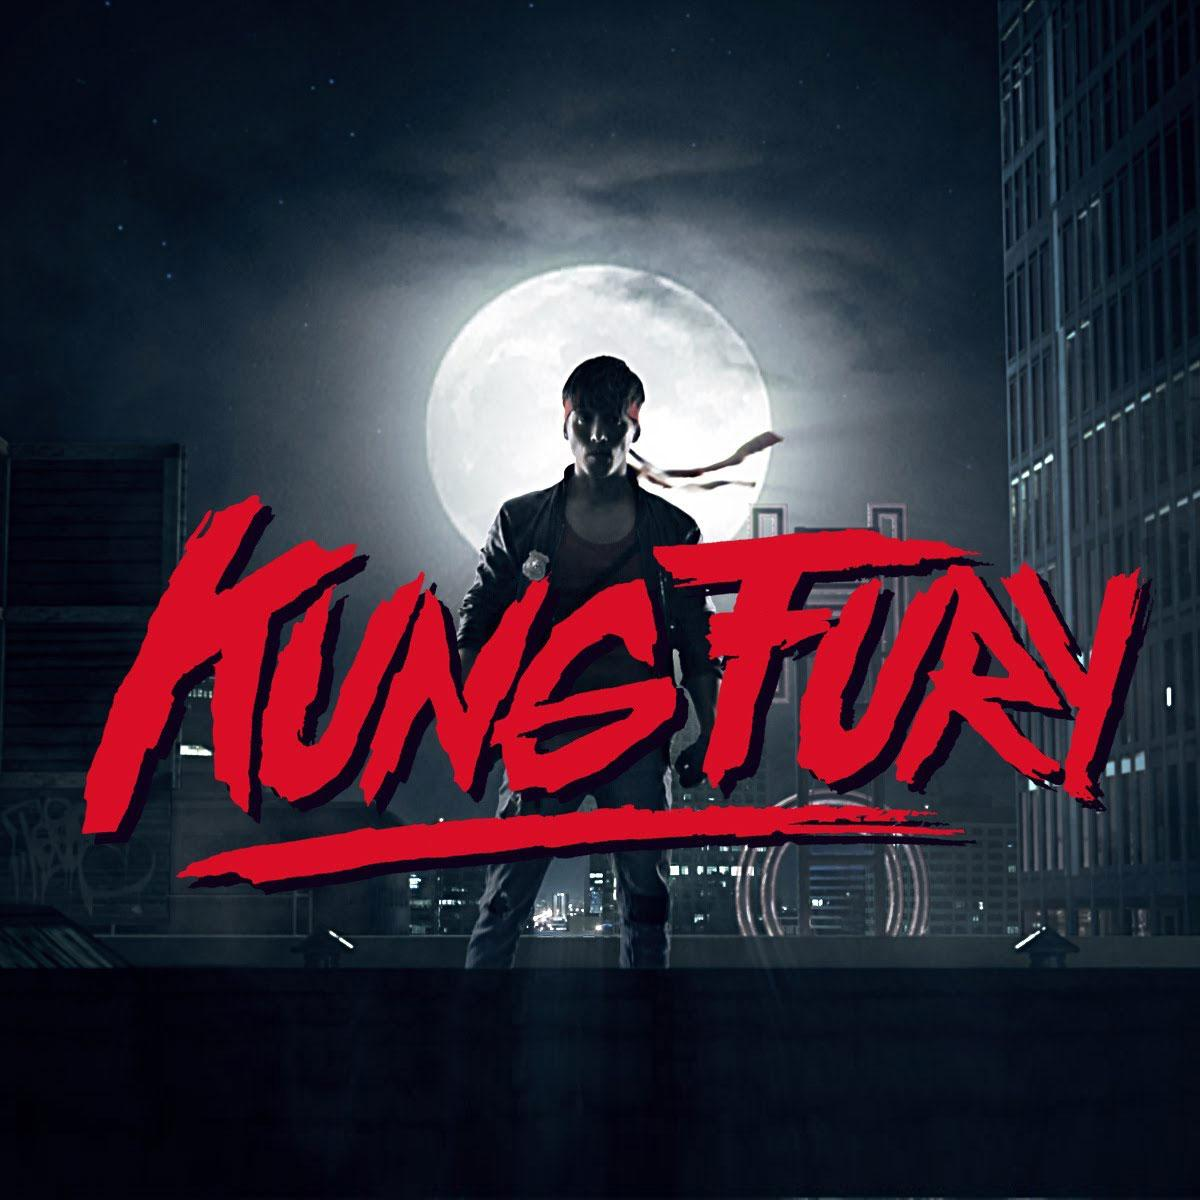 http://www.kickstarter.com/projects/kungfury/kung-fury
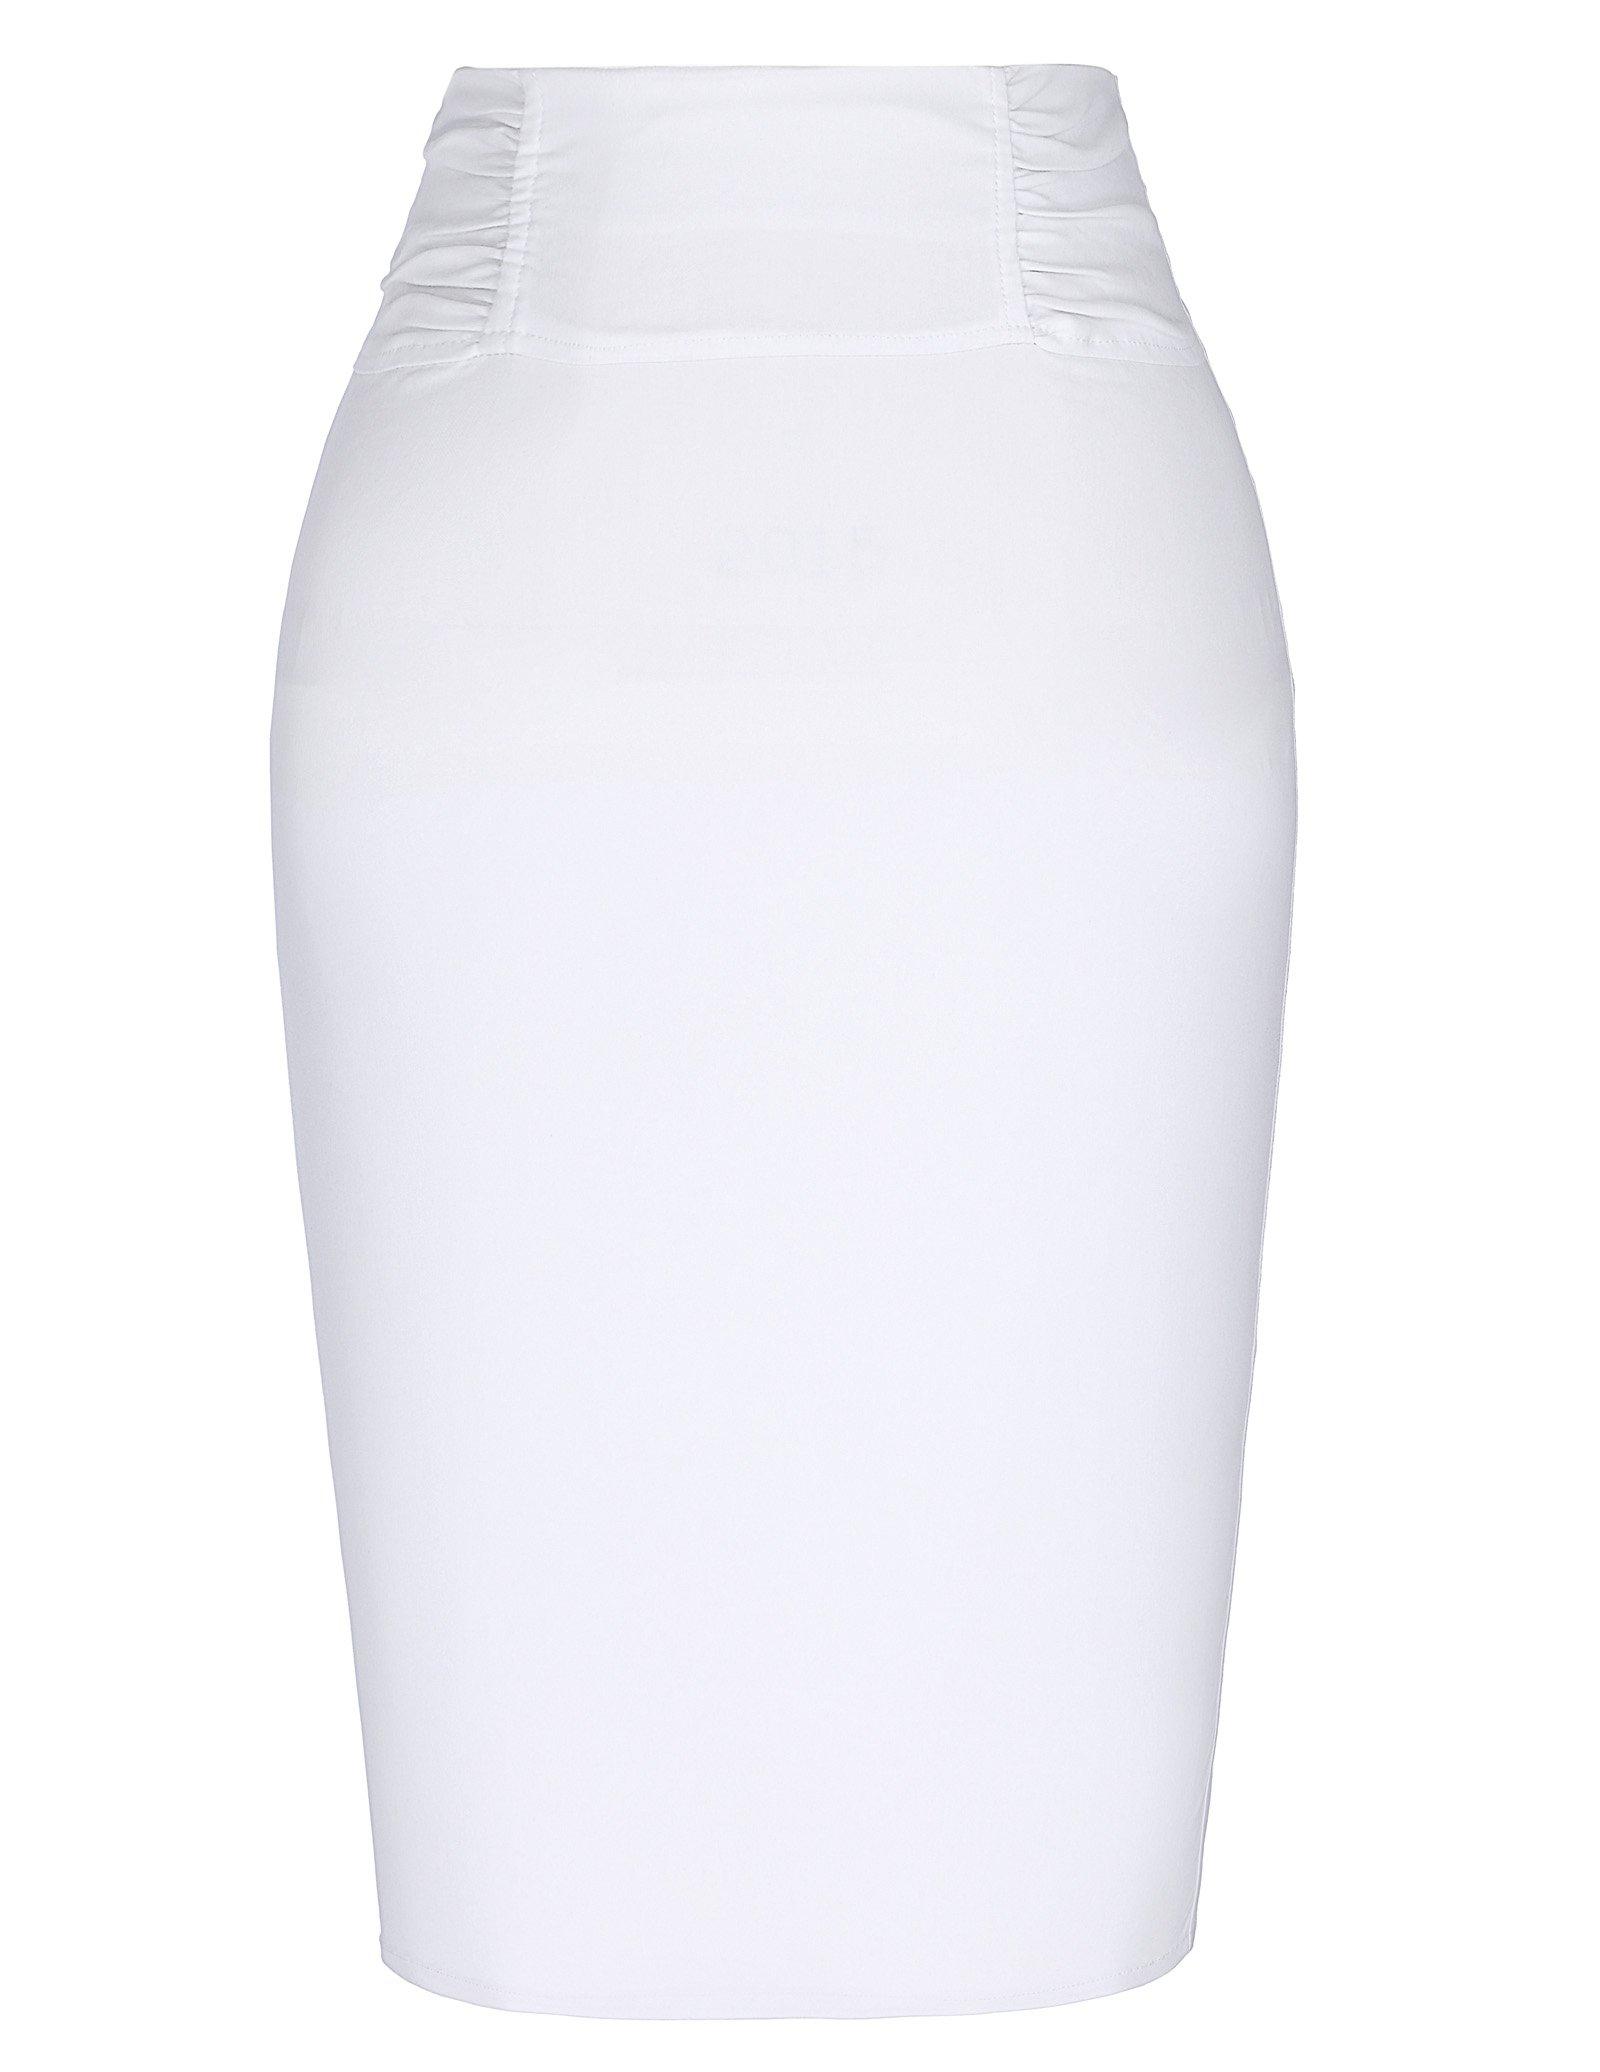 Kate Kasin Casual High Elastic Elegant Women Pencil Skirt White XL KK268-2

══════════════════════════════

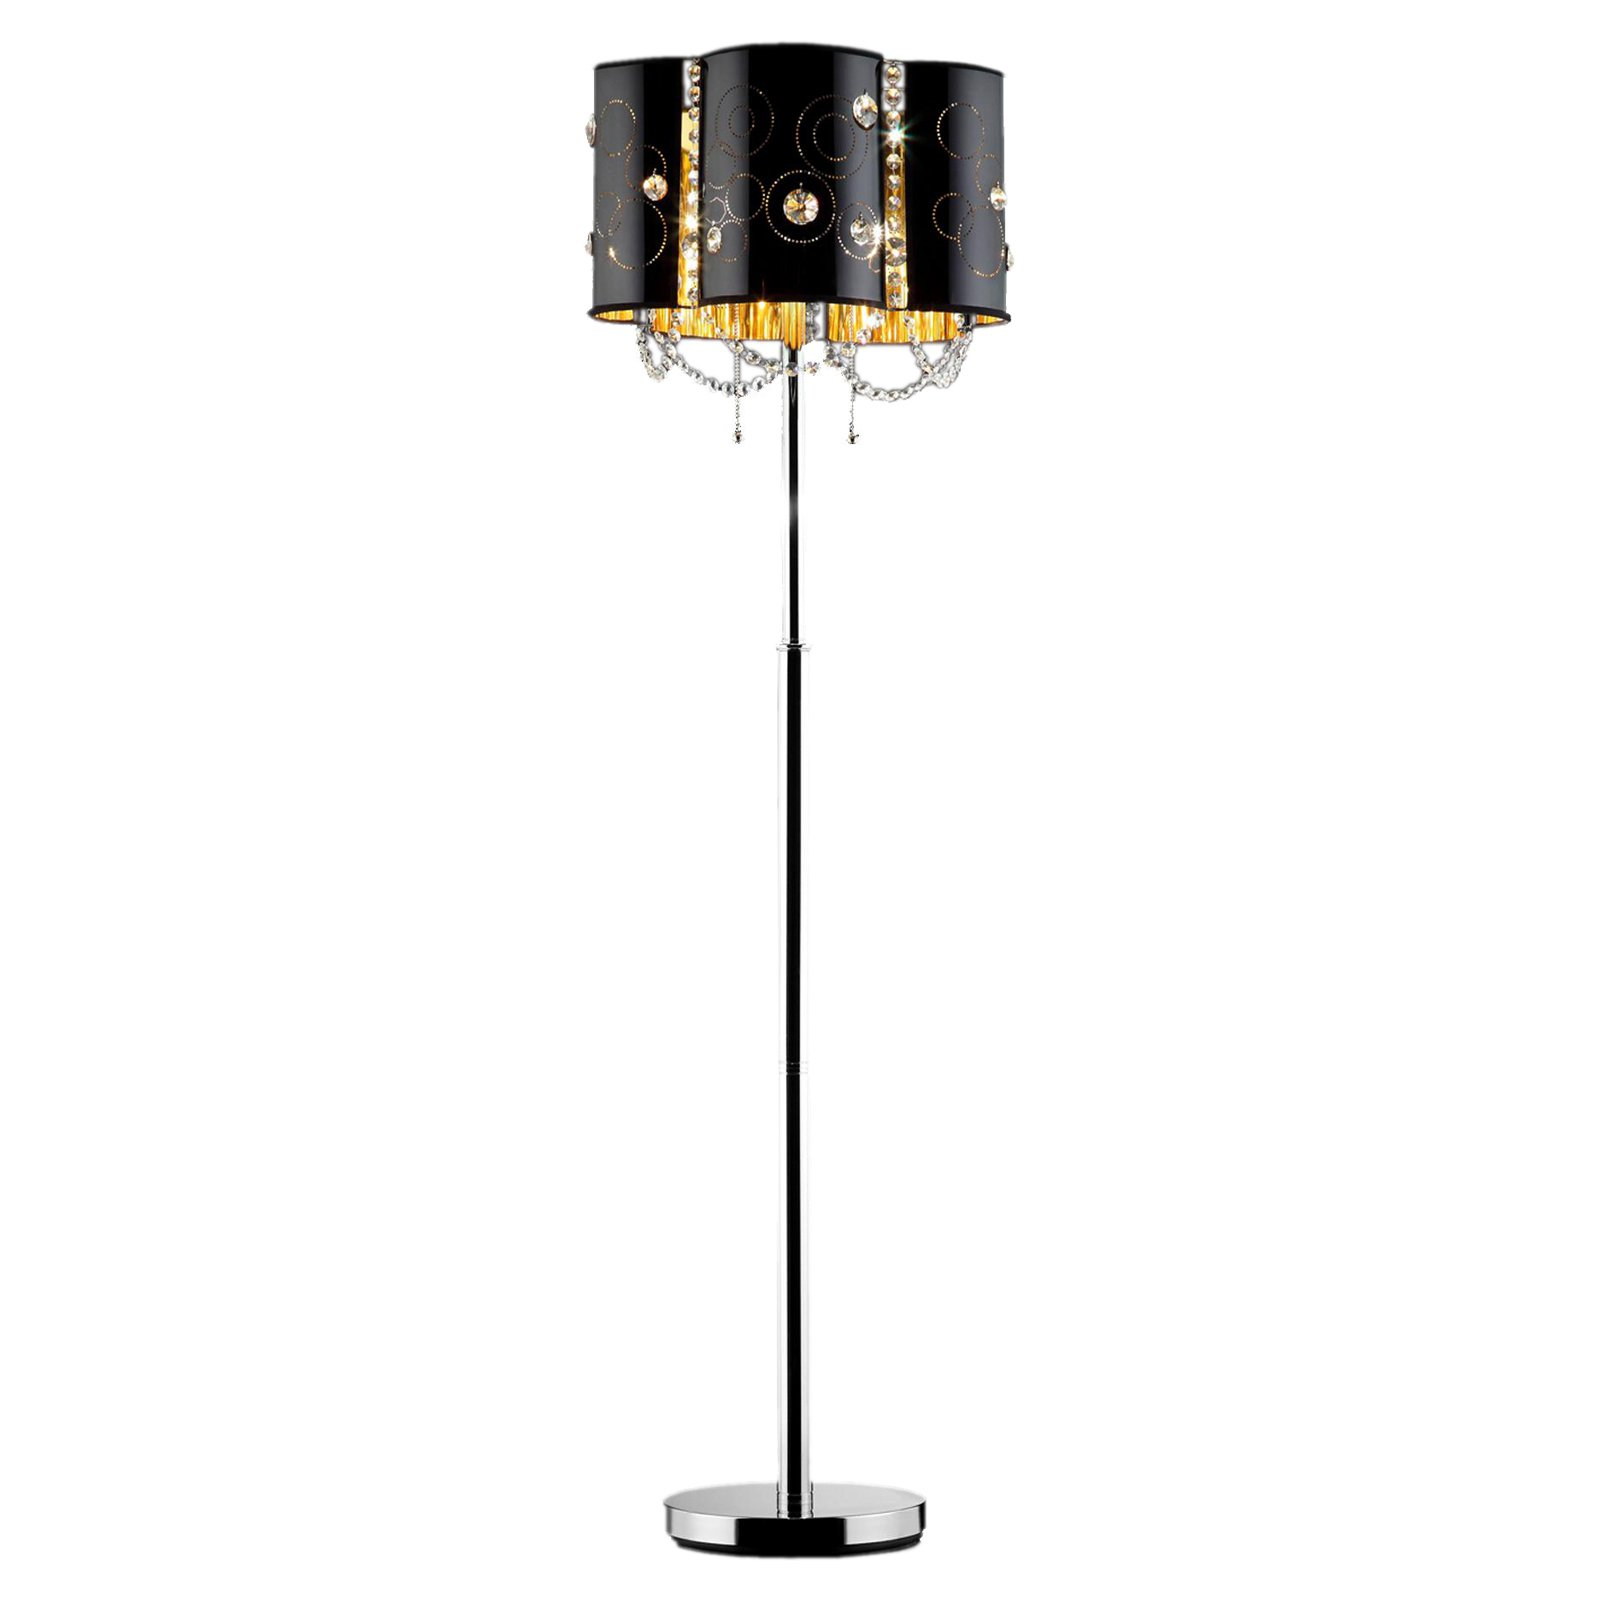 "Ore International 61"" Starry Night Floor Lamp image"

══════════════════════════════

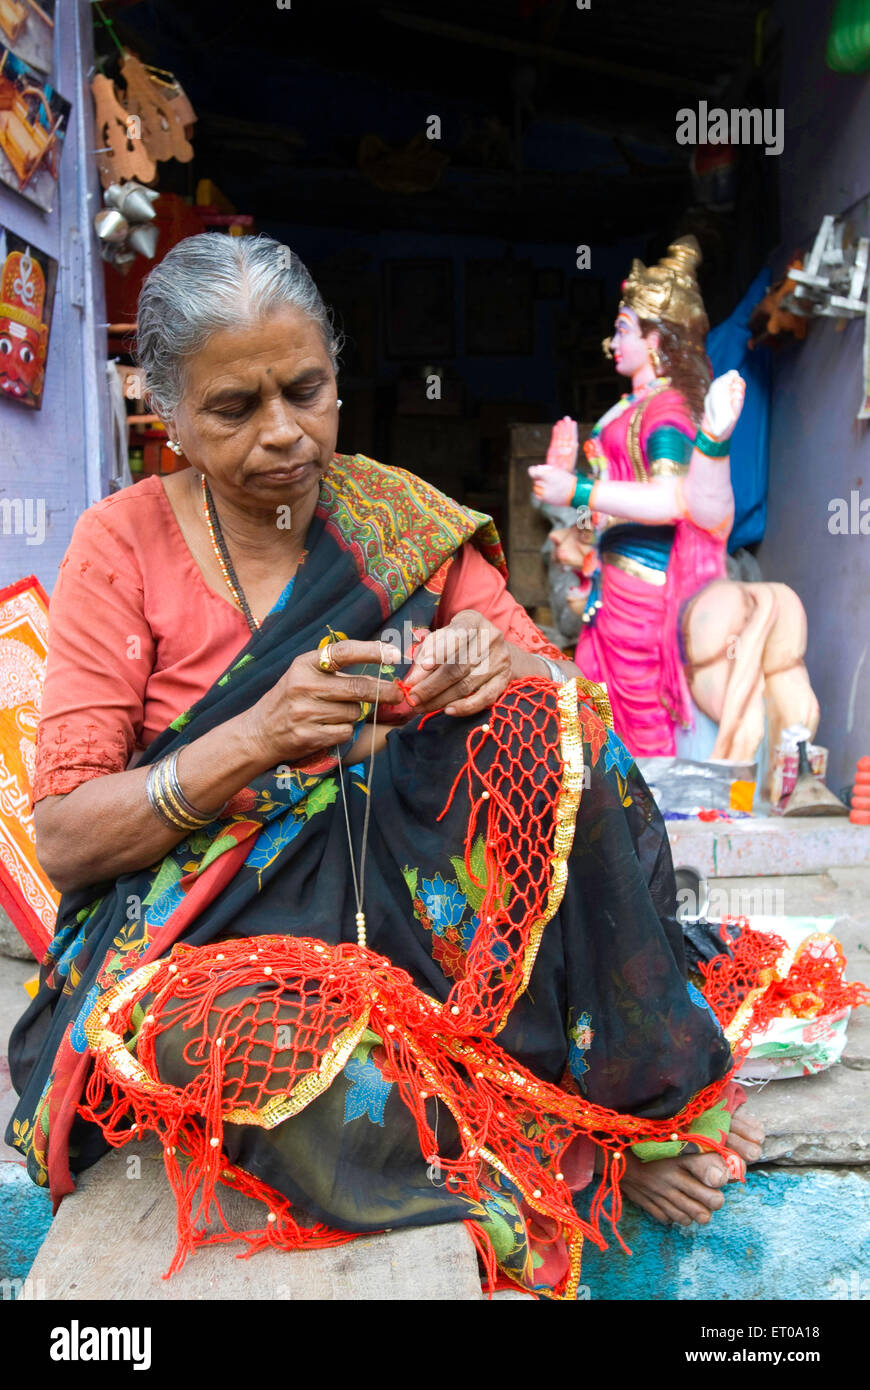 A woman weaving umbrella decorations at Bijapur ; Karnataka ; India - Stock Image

══════════════════════════════

Starting at the line with "http://www.kickstarter.com/projects/kungfury/kung-fury" in the entries above, write out every line exactly until the line with "Kate Kasin Casual" has been written. Include no pictures and nothing more.

* [Task answer]
 http://www.kickstarter.com/projects/kungfury/kung-fury
 Kate Kasin Casual High Elastic Elegant Women Pencil Skirt White XL KK268-2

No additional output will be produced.